Engineering bioremediating bacteria for open-release application
Citation:
Svoboda, J. AND J. Reichman. Engineering bioremediating bacteria for open-release application. 2024 Synthetic Biology: Engineering, Evolution & Design (SEED) Conference, Atlanta, GA, June 24 - 27, 2024.
Impact/Purpose:
This presentation will be made at the 2024 Synthetic Biology: Engineering, Evolution & Design Conference, and it covers ground-breaking research at ORD/CPHEA/PESD within Product CSS.403.2.1 - Data to support risk assessments of novel engineered microbes. The poster will showcase plans for bioengineering of an Escherichia coli strain with synthetic constructs for remediation of a prevalent microplastic pollutant (PET) and for biocontainment via a CRISPR-Cas12a kill-switch. The research will develop a model chassis organism to be used in experiments to address the Agency needs for updated detection and tracking methods for genetically engineered microorganisms (GEMs) being tested under containment for their persistence, performance, and efficacy.
Description:
From Superfund sites, to oil spills, to the ubiquity of microplastics, anthropogenic pollution is an ever-growing threat to human health and the environment.
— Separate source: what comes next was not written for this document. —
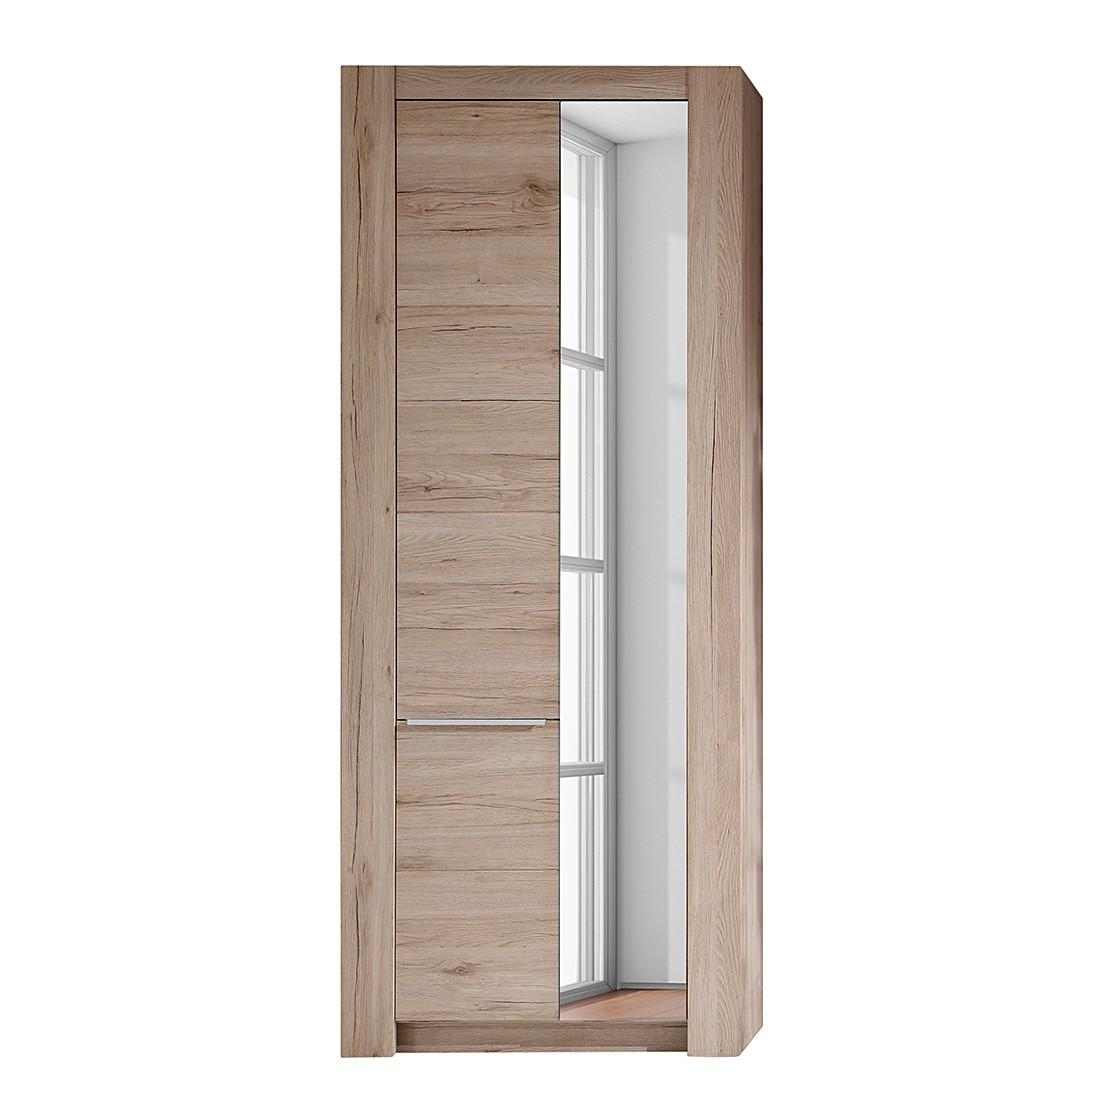 EEK A+, Armoire de vestibule Winburg - Imitation chêne de Sonoma - Avec miroir, Trendteam

Synthetic biology can potentially address this problem with microbes engineered to degrade pollutants, and also further improve such systems with biocontainment methods to prevent undesired spread of the microbe. However, there are uncertainties regarding the safety of engineered microbes with synthetic constructs intended for open release into the environment. To determine the stability of such engineered bacteria and their effects on native microbiota, we aim to engineer a strain of Escherichia coli that will die upon completing its bioremediation task, in order to test its functional efficiency for both bioremediation and biocontainment. Focusing on microplastic as our example bioremediation target, we chose poly(ethylene terephthalate) (PET) as it is widely-used, including in consumer products such as water bottles. Using a CRISPR-Cas12a recombineering system, PET-degrading enzymes will be integrated into the genome, along with a kill-switch circuit. The kill-switch consists of Cas12a and a CRISPR array with spacers targeting multiple locations throughout the E. coli genome, including the introduced PET-degrading enzyme to prevent spread of the synthetic genetic construct. Kill-switch expression is modulated by a genetic circuit designed to induce cell death upon the absence of the environmentally benign PET degradation product. Once assembled, this strain will be grown in both synthetic media and soil microcosms, assessing PET degradation and loss of cell viability after PET has been fully degraded. We plan to track the integrity and expression of the synthetic PETase construct over time. In the microcosms, we can further leverage metagenomics and transcriptomics to observe the effects of the engineered strain on the native soil microorganisms. This work will give insight into the interplay between synthetic gene constructs, engineered microbes, and the native microbiome in open-release bioremediation, allowing both researchers and regulators to make more informed decisions.